Subtyping relationships are very important in the model of the type system that we are using. An ad-hoc sub-typing relationship is used explicitly for typing aggregate data types. Furthermore, the relationships between the other types can be seen as a subtyping system. For instance, we can envision an infinite lattice (due to glob and reference types) with the most general type at the top and more specific types (subtypes) down toward the bottom, which is no type (and is the result of a unify operation which acts as a meet operation between unrelated types). A generalized way to reflect this would make the code cleaner and easier to read. Furthermore, it would support the next two important features. This would involve an extensive refactoring or rewrite of the type system and the type inference algorithm.

Objects

With a generalized system for subtyping relationships, objects can be easily supported by determining lattice that reflects the inheritance hierarchy and adding code to identify the type of a given instantiation. With a generalized subtyping model, there should be few other changes necessary.

Type Qualifiers

Type qualifiers can be used to describe ephemeral qualities of the data manipulated in the program.
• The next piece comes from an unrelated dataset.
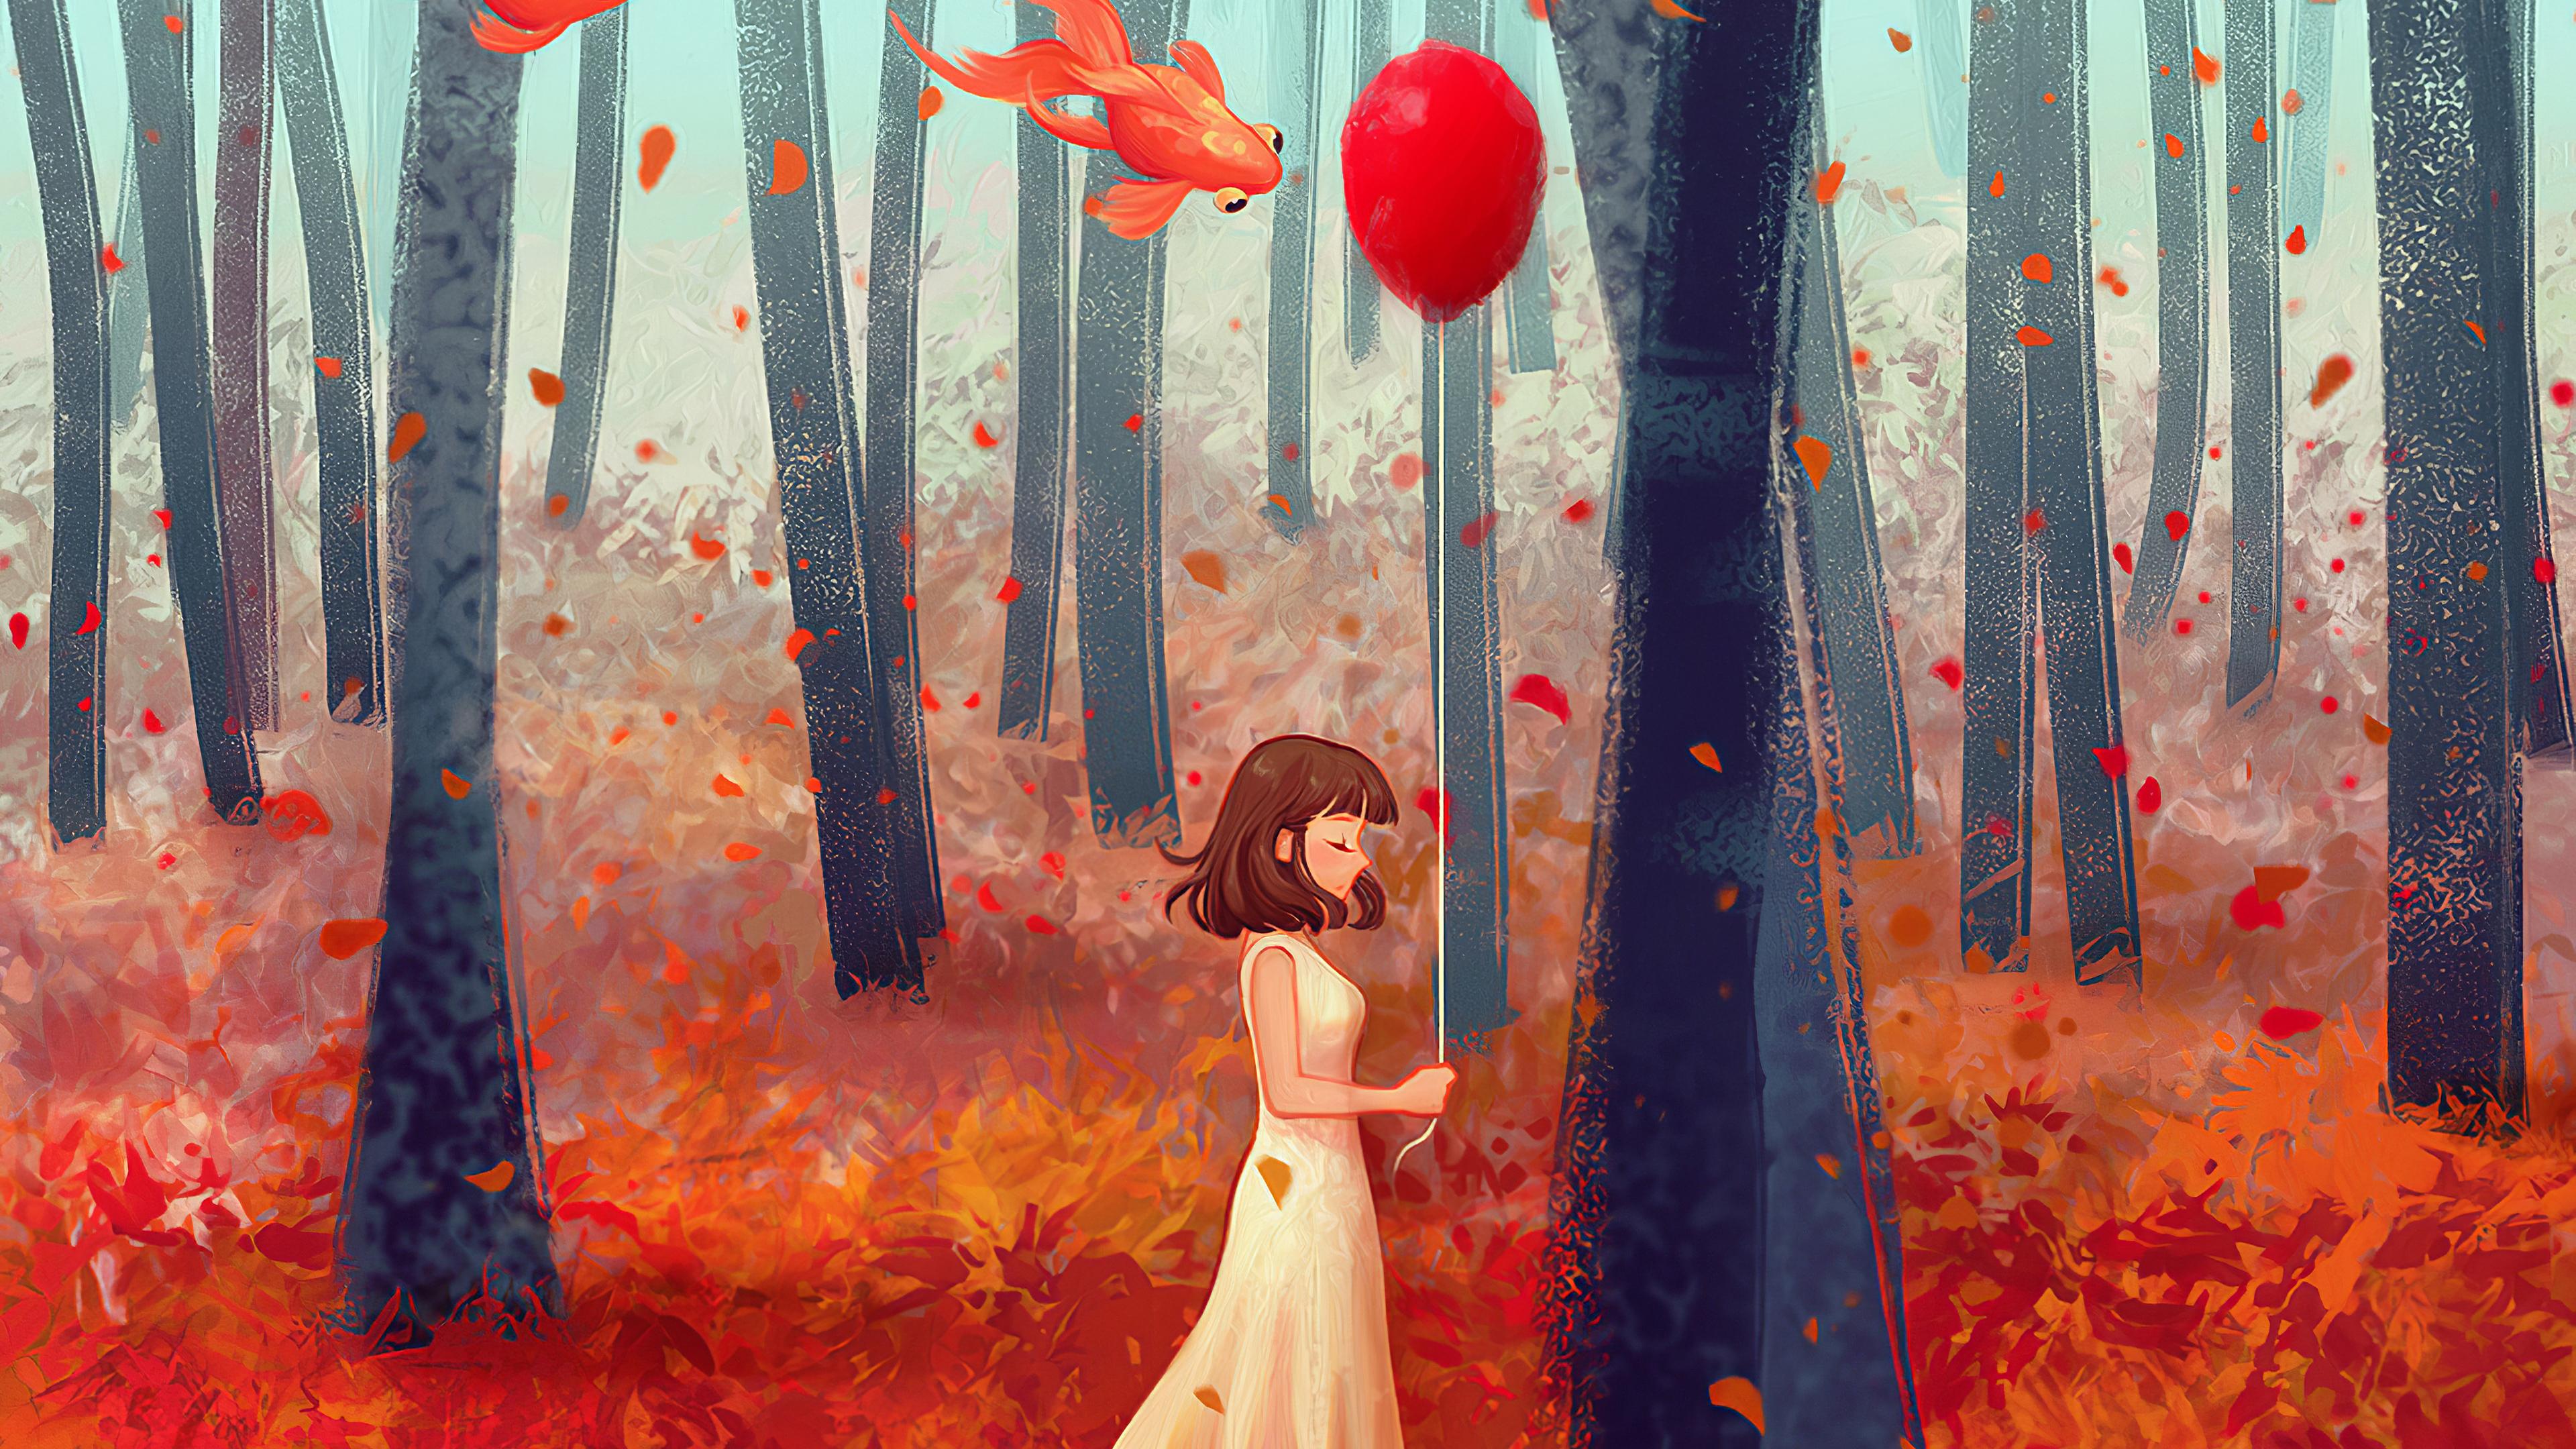 autumn dream girl 1574940867 - Autumn Dream Girl -

For instance, Perl already has a type qualifier system with subtypes, that works at run-time: Taint mode. Generic type qualifiers could model type qualifiers at compile time, like Taint (but without it's precision) or many other properties that can be modelled with type qualifiers. Along with a generic subtyping system, implementing type qualifiers would require a way to describe a qualifier lattice and a way to annotate code. It is unknown to the author whether the current annotation system is sufficient. See CQual for more information about an existing system that implements Type Qualifiers in a practical way:

 http://www.cs.umd.edu/~jfoster/cqual/
Interprocedural Analysis

The type analysis needs interprocedural analysis to be truly useful. This may or may not have to support type polymorphism.

Test Harness

It would be nice to have a way to automatically generate TypeCheck tests for modules.

REFERENCES

The author has written a paper explaining the need, operation, results, and future direction for this project. It is available at the following URL:

  http://www.umiacs.umd.edu/~bargle/project2.pdf

This is suggested reading for this release. In future releases, we hope to have a proper manual.

AUTHOR

Gary Jackson, <bargle at umiacs.umd.edu>

BUGS

This version is specific to Perl 5.8.1. It may work with other versions that have the same opcode list and structure, but this is entirely untested. It definitely will not work if those parameters change.
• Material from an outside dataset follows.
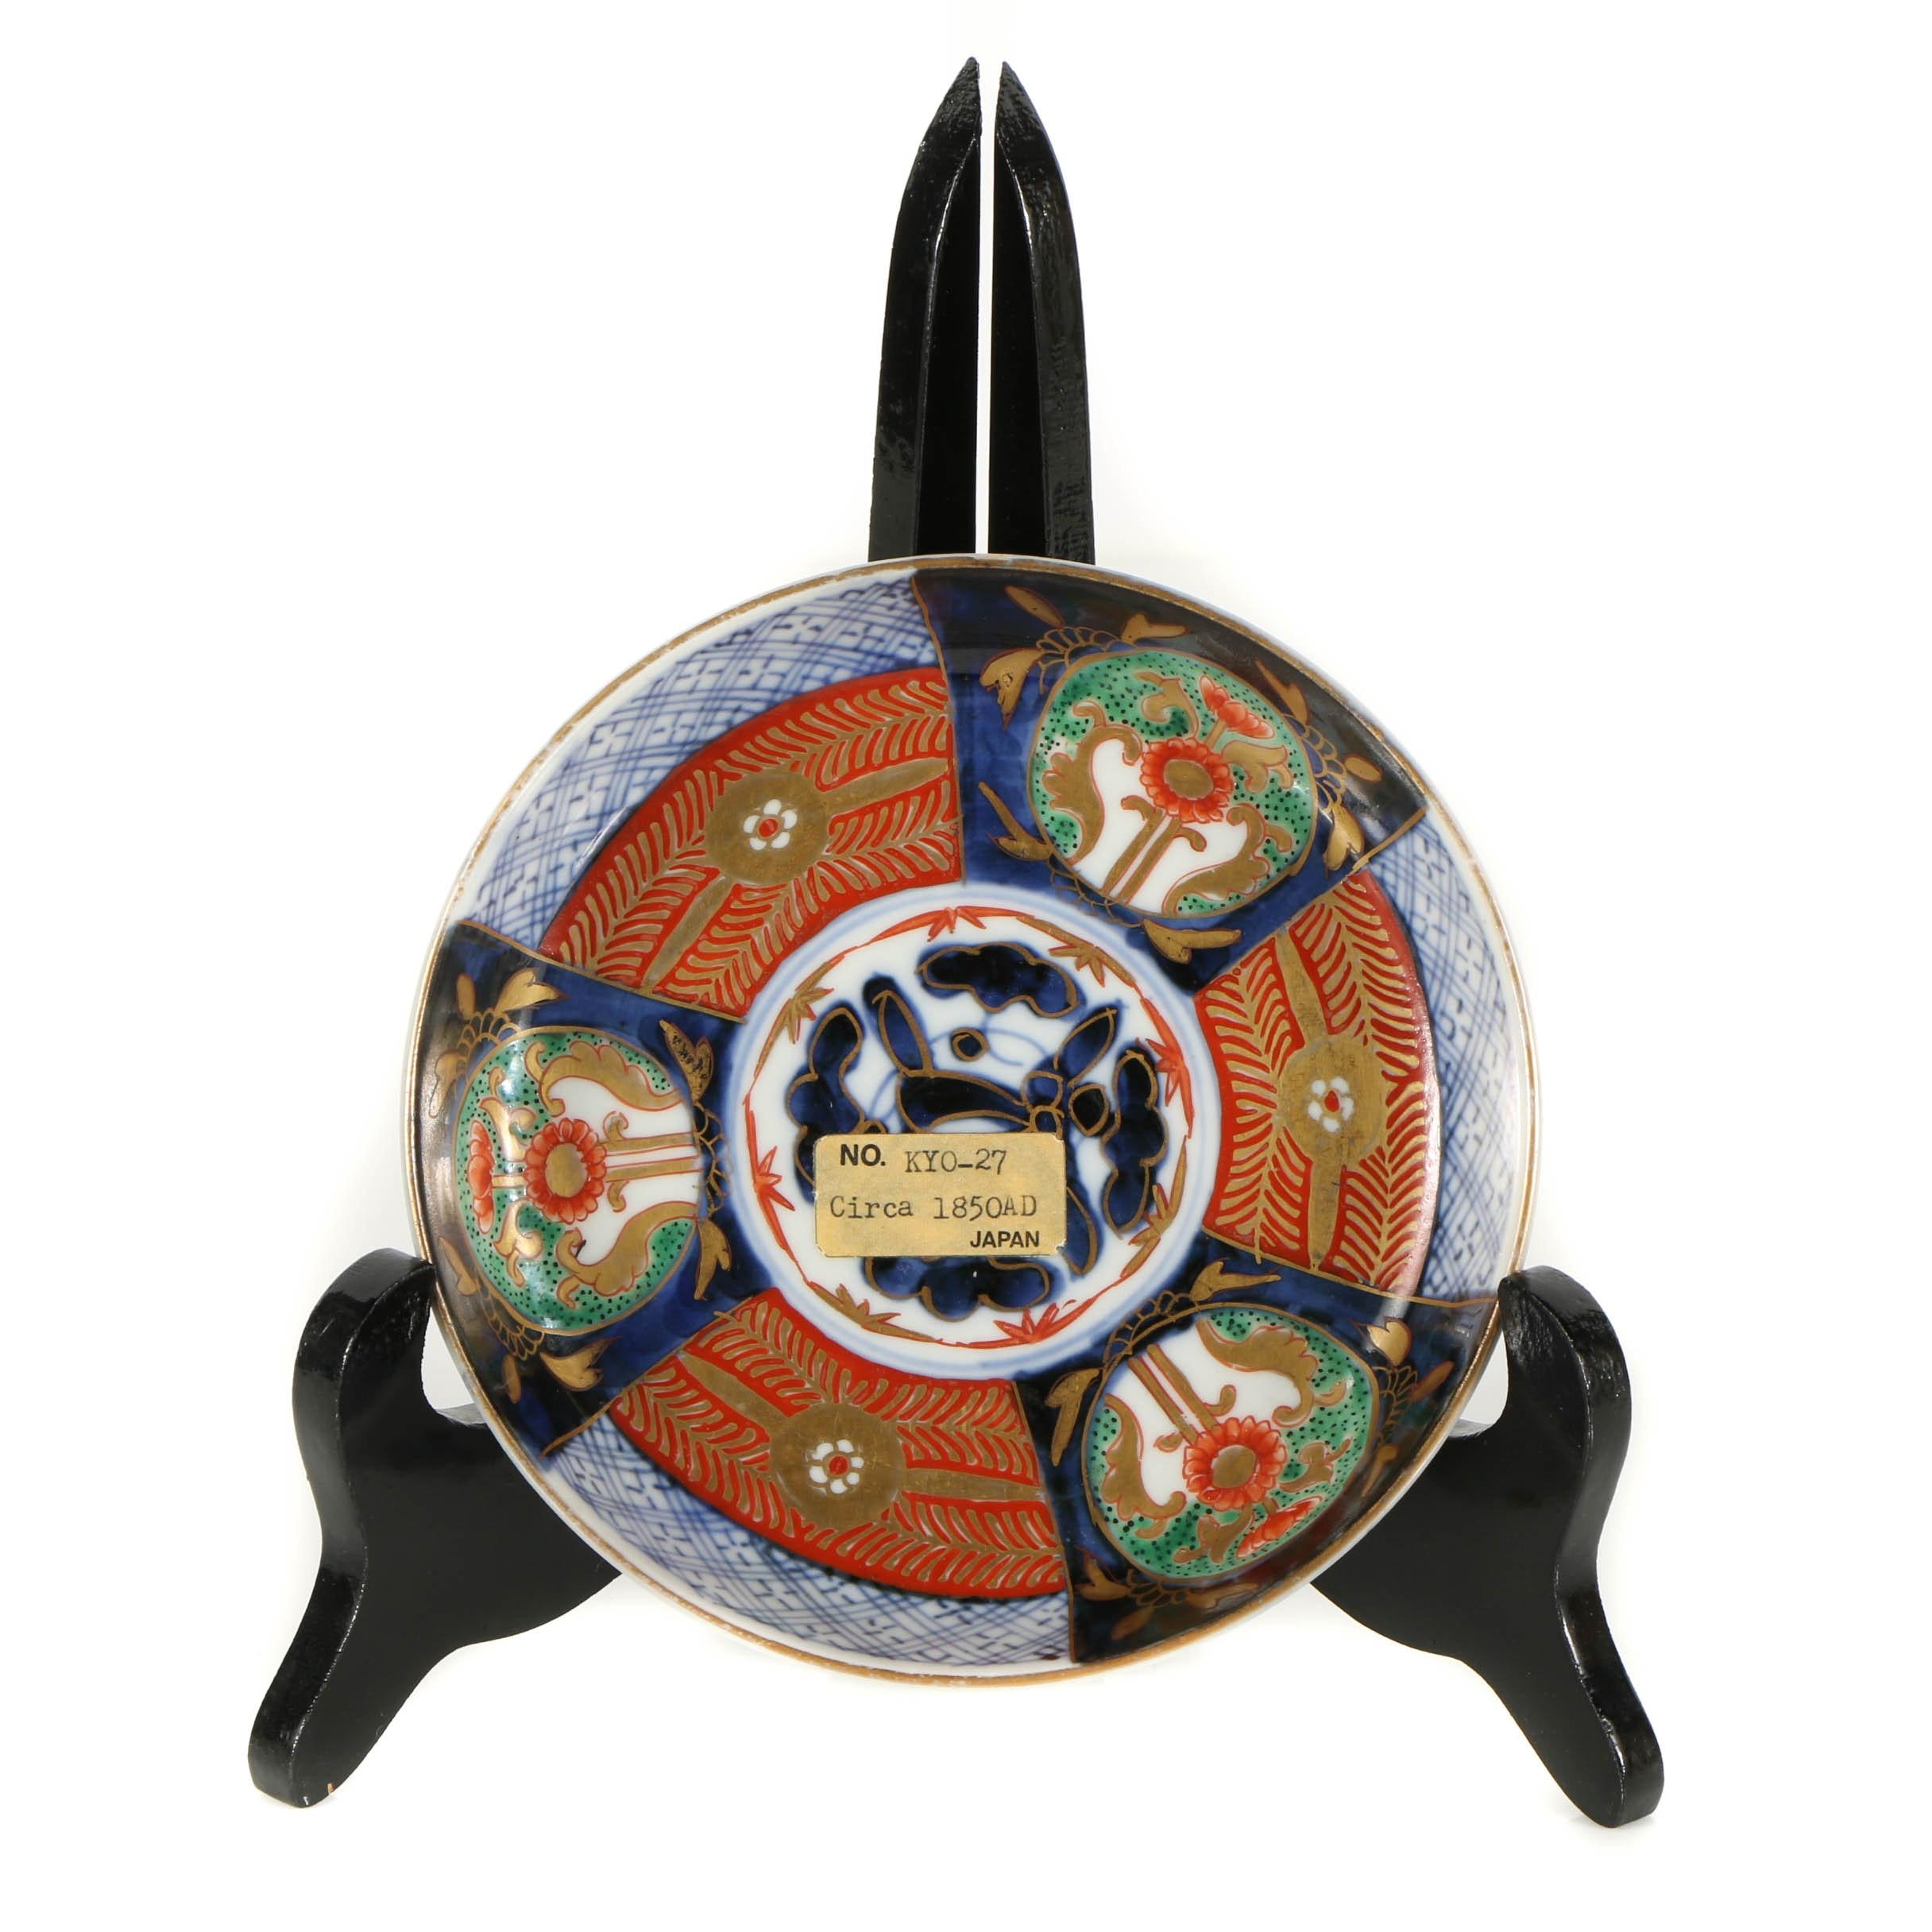 Japanese Imari Ware Porcelain Dish

Please report any bugs or feature requests to bug-devel-typecheck at rt.cpan.org, or through the web interface at http://rt.cpan.org/NoAuth/ReportBug.html?Queue=Devel-TypeCheck. I will be notified, and then you'll automatically be notified of progress on your bug as I make changes.

COPYRIGHT & LICENSE

Copyright 2005 Gary Jackson, all rights reserved.

This program is free software; you can redistribute it and/or modify it under the same terms as Perl itself.